*Data section*.
+ + + + +

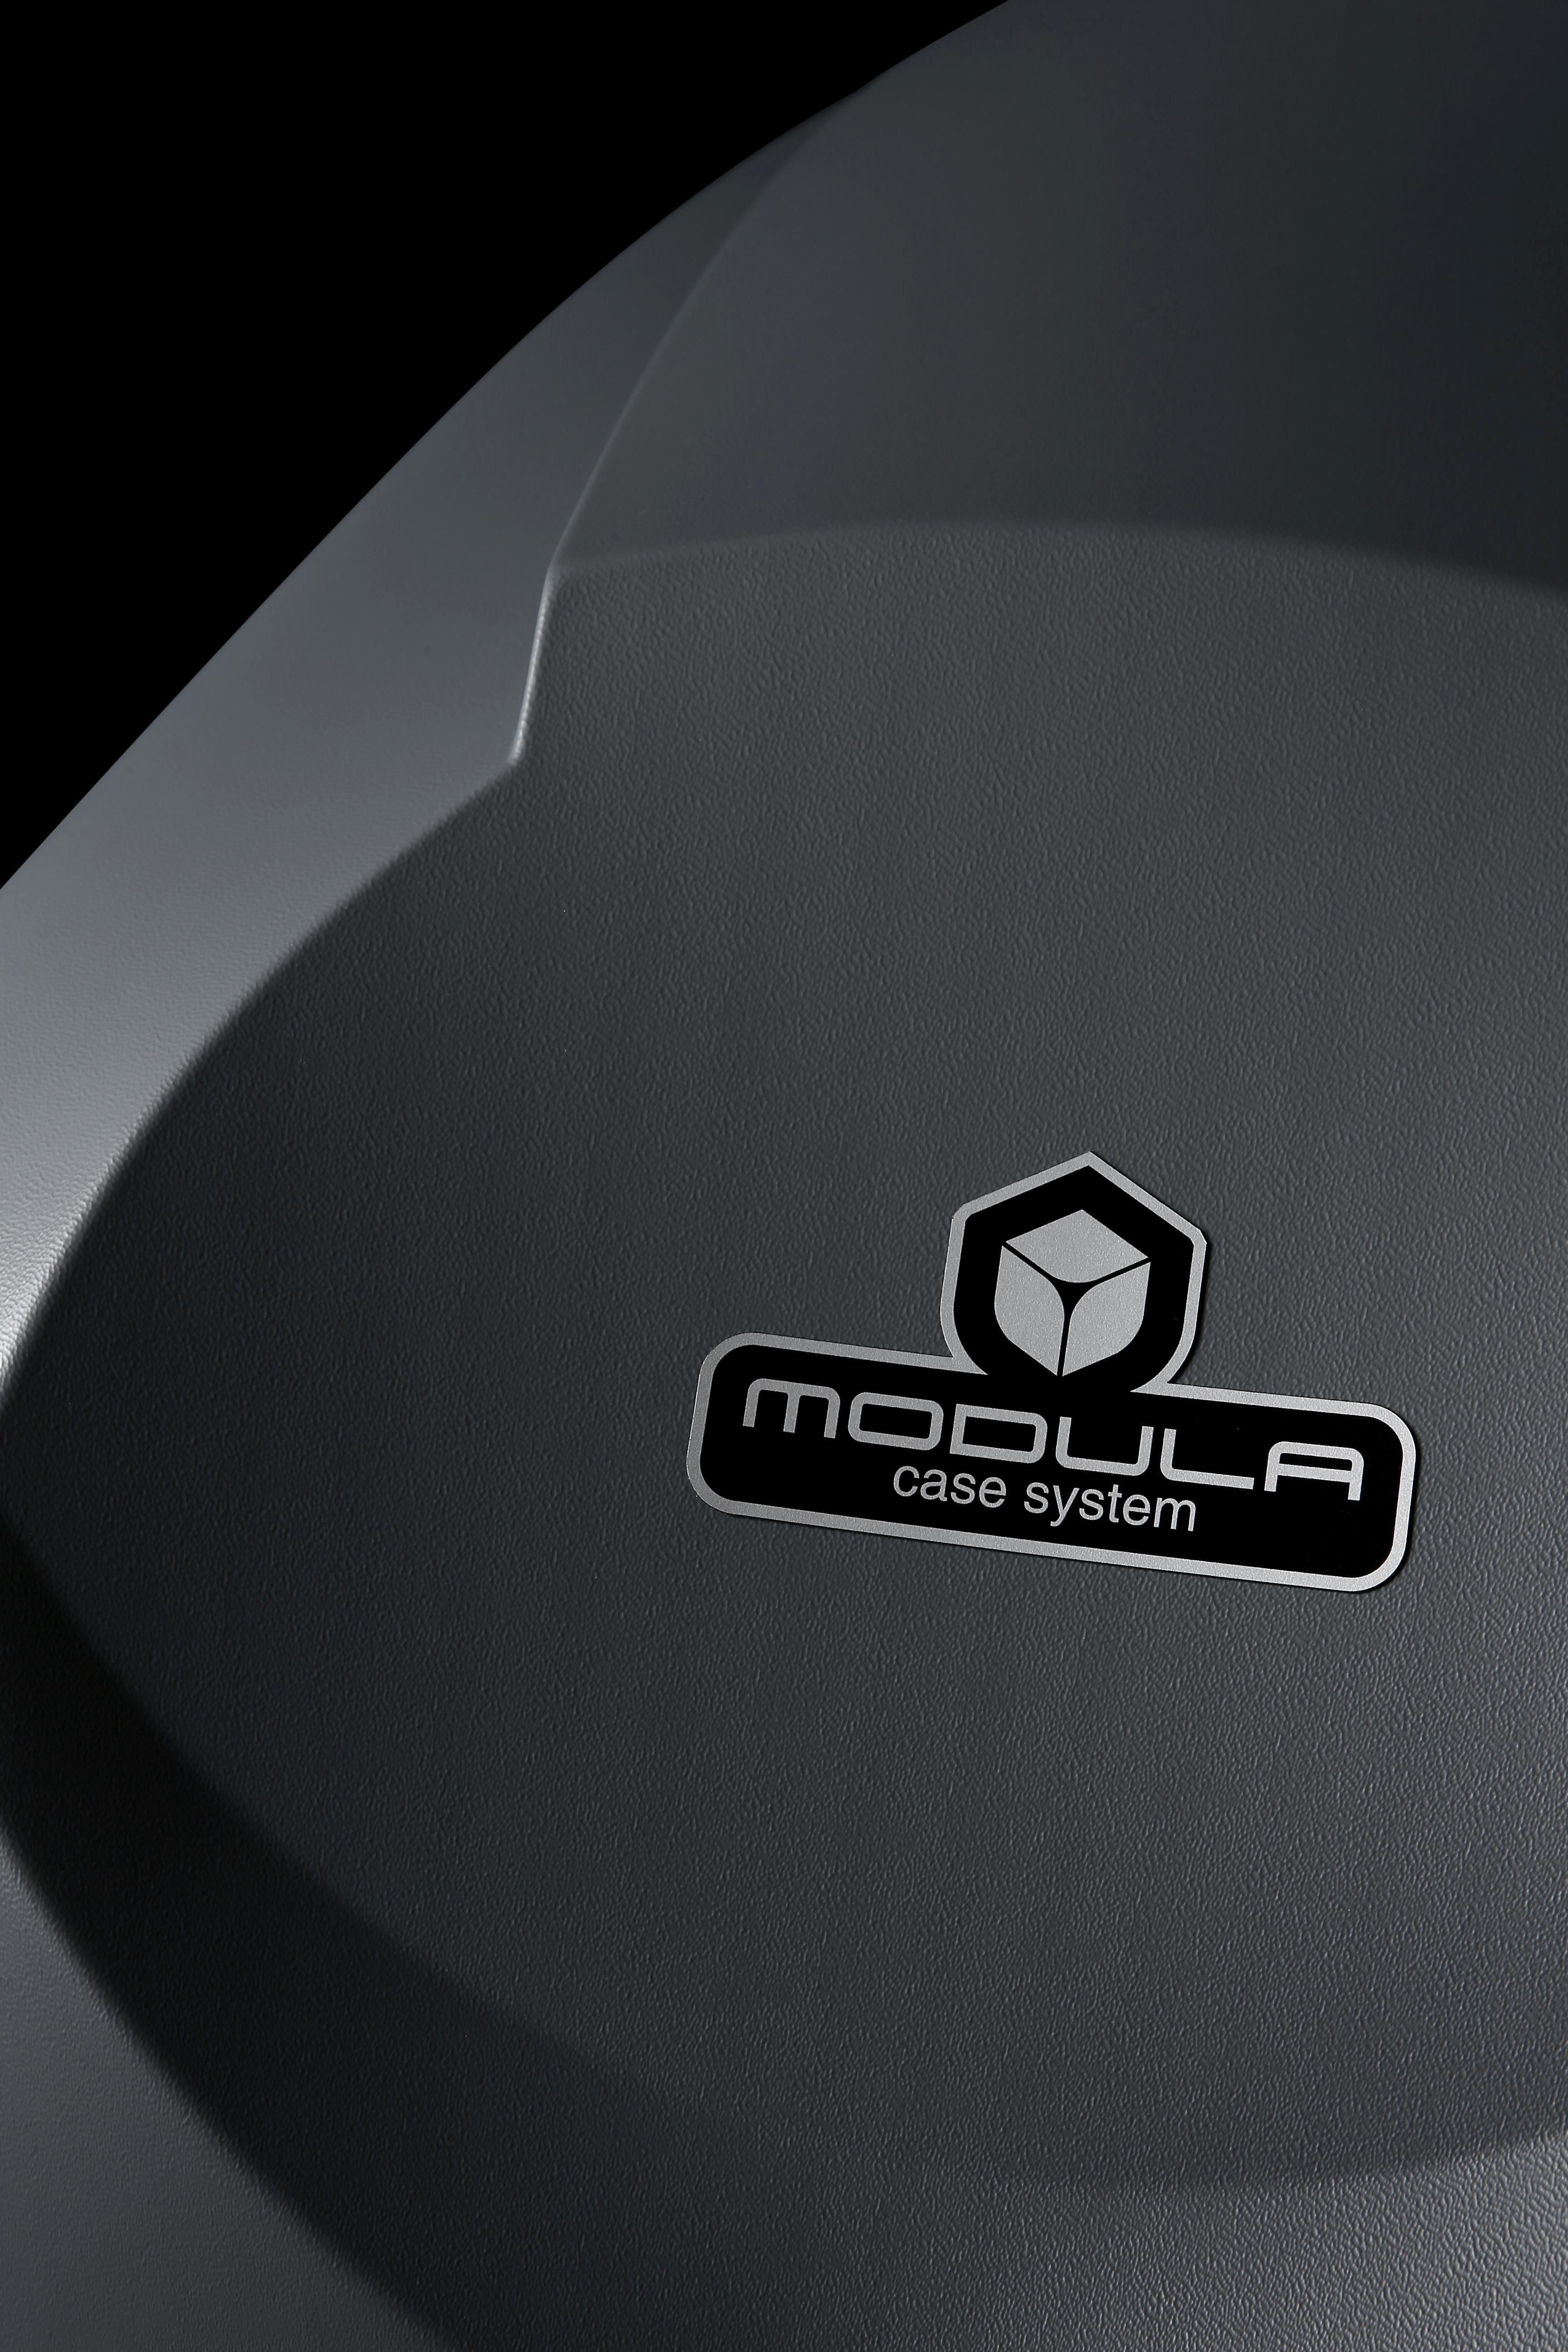 quality MOCS0327 MODULA
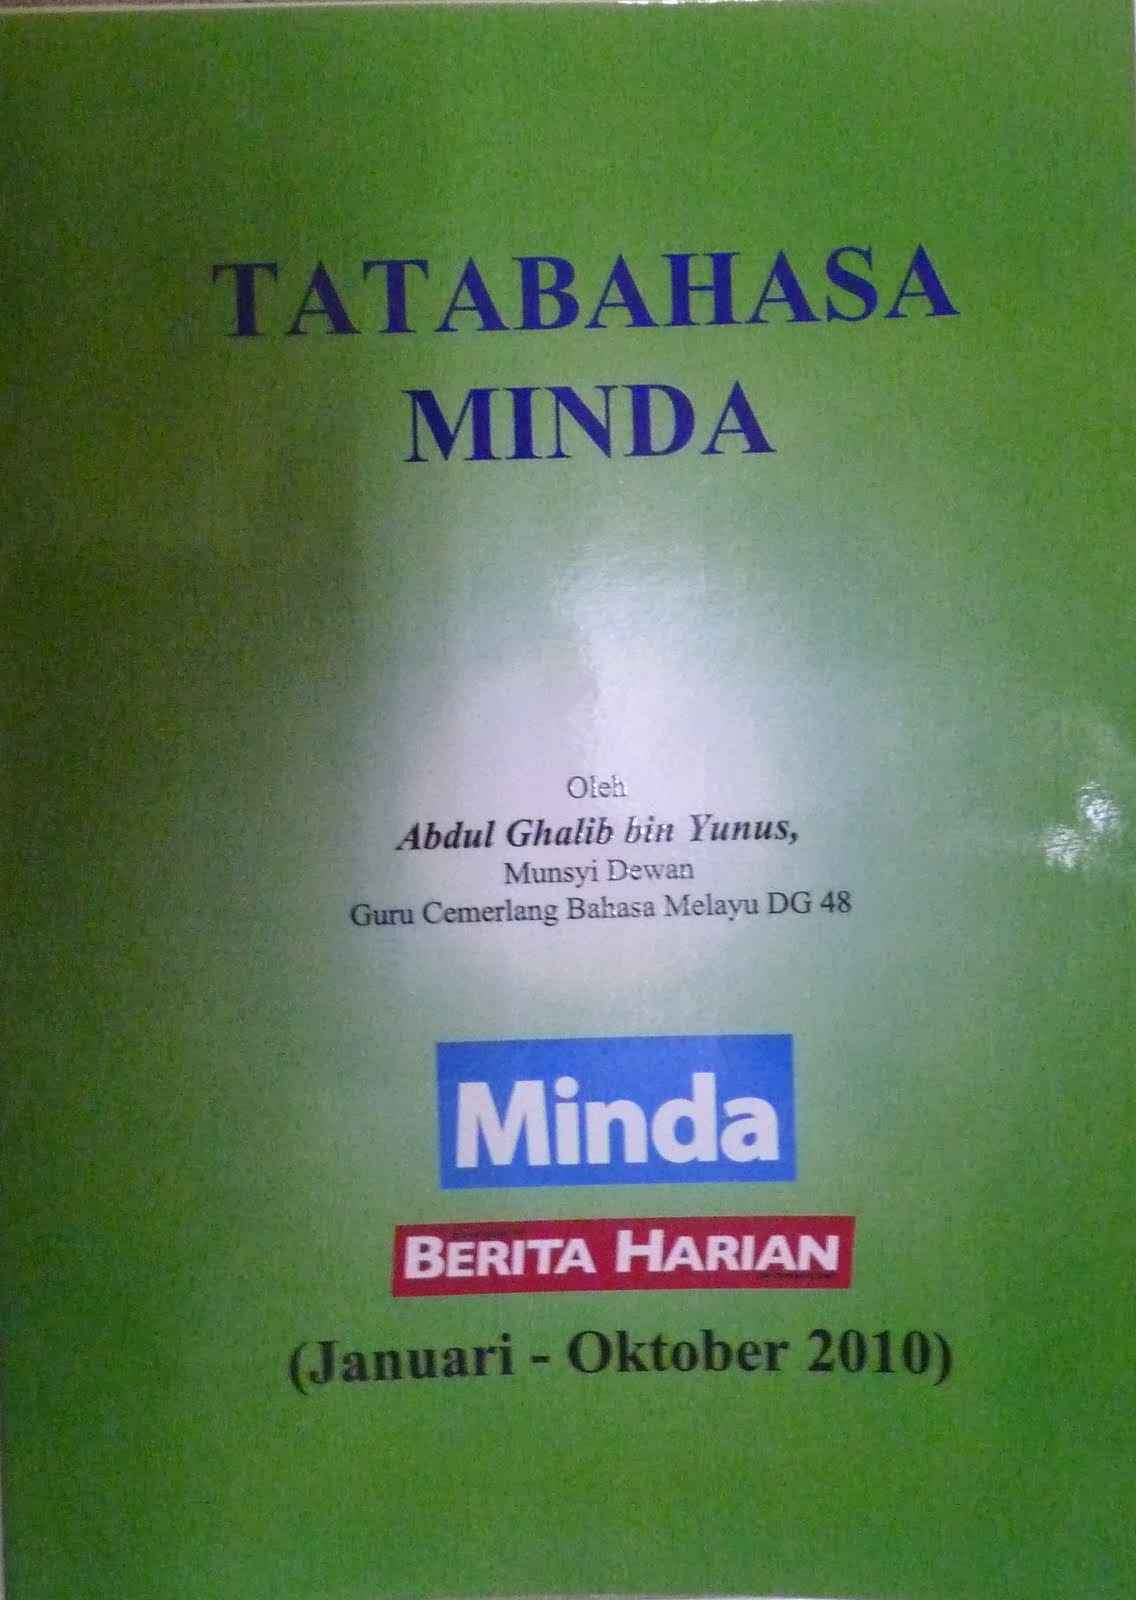 Buku `Tatabahasa Minda' (2010)
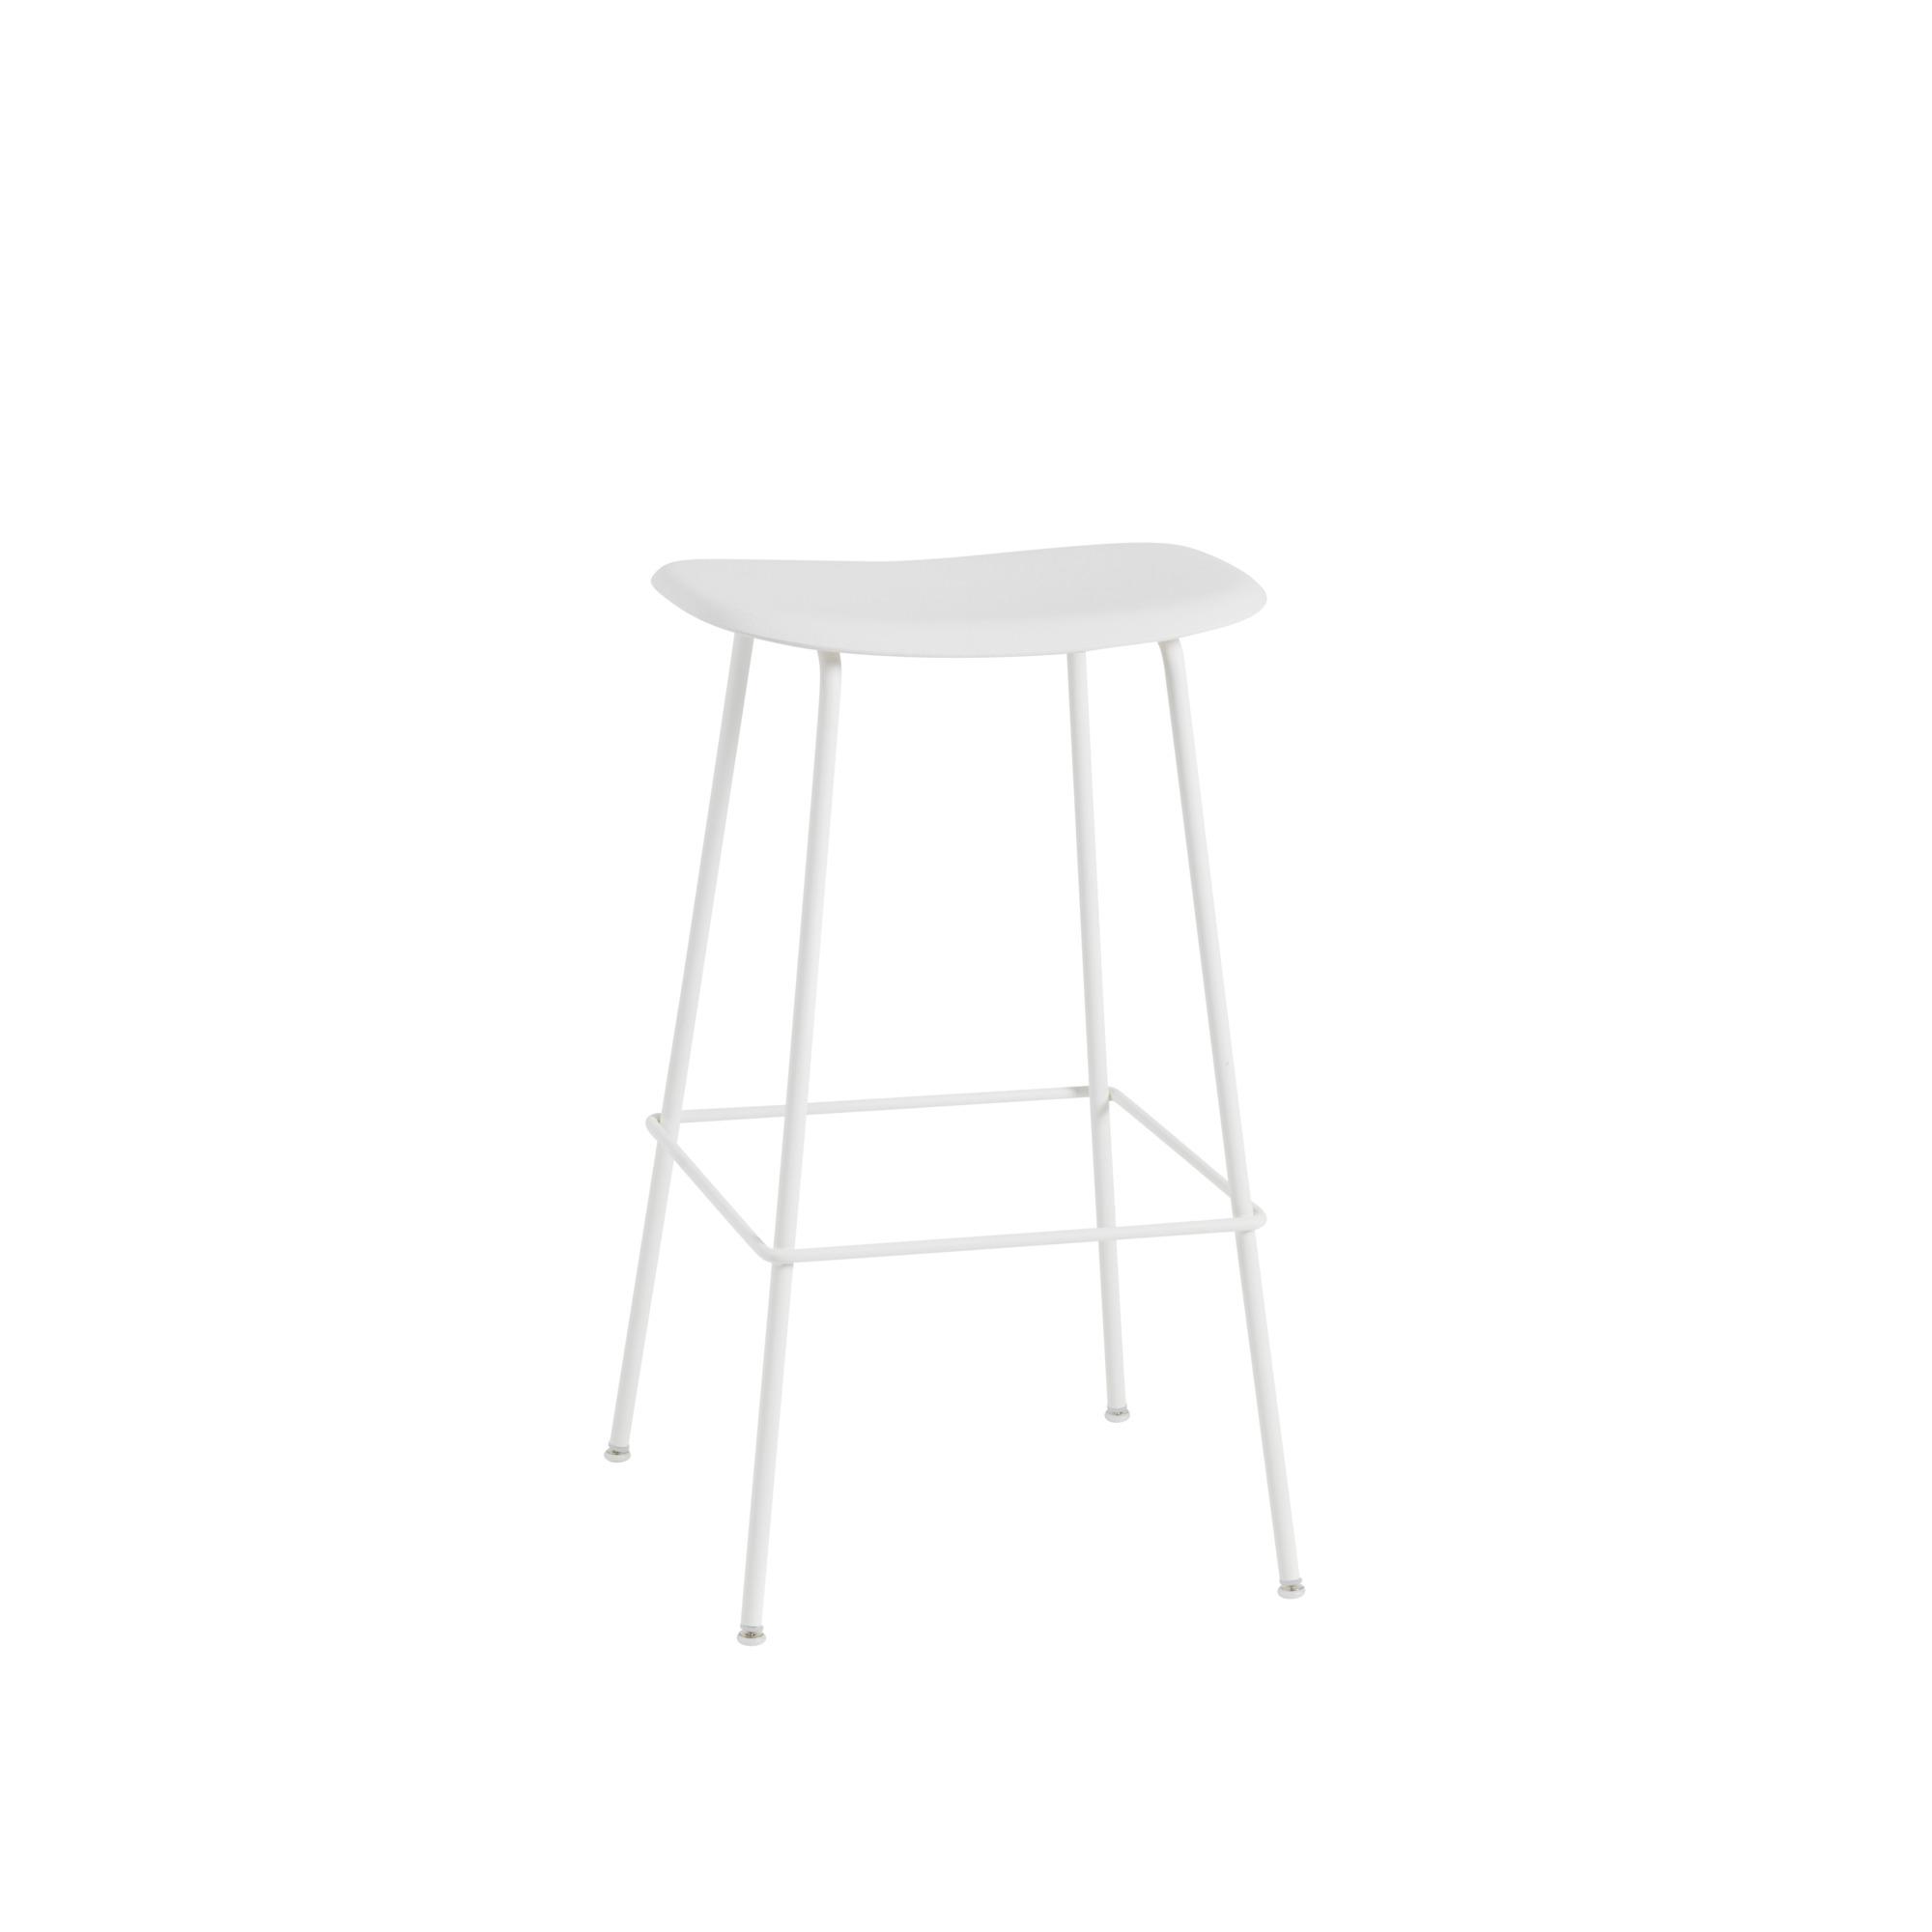 Fiber Bar Stool white / white Muuto 75 cm natural

+ + + + +

*Exercise directions*. Copy out every line of the data above, taking care to leave the pictures out.

*Result of the exercise*.
 quality MOCS0327 MODULA
 Buku `Tatabahasa Minda' (2010)
 Fiber Bar Stool white / white Muuto 75 cm natural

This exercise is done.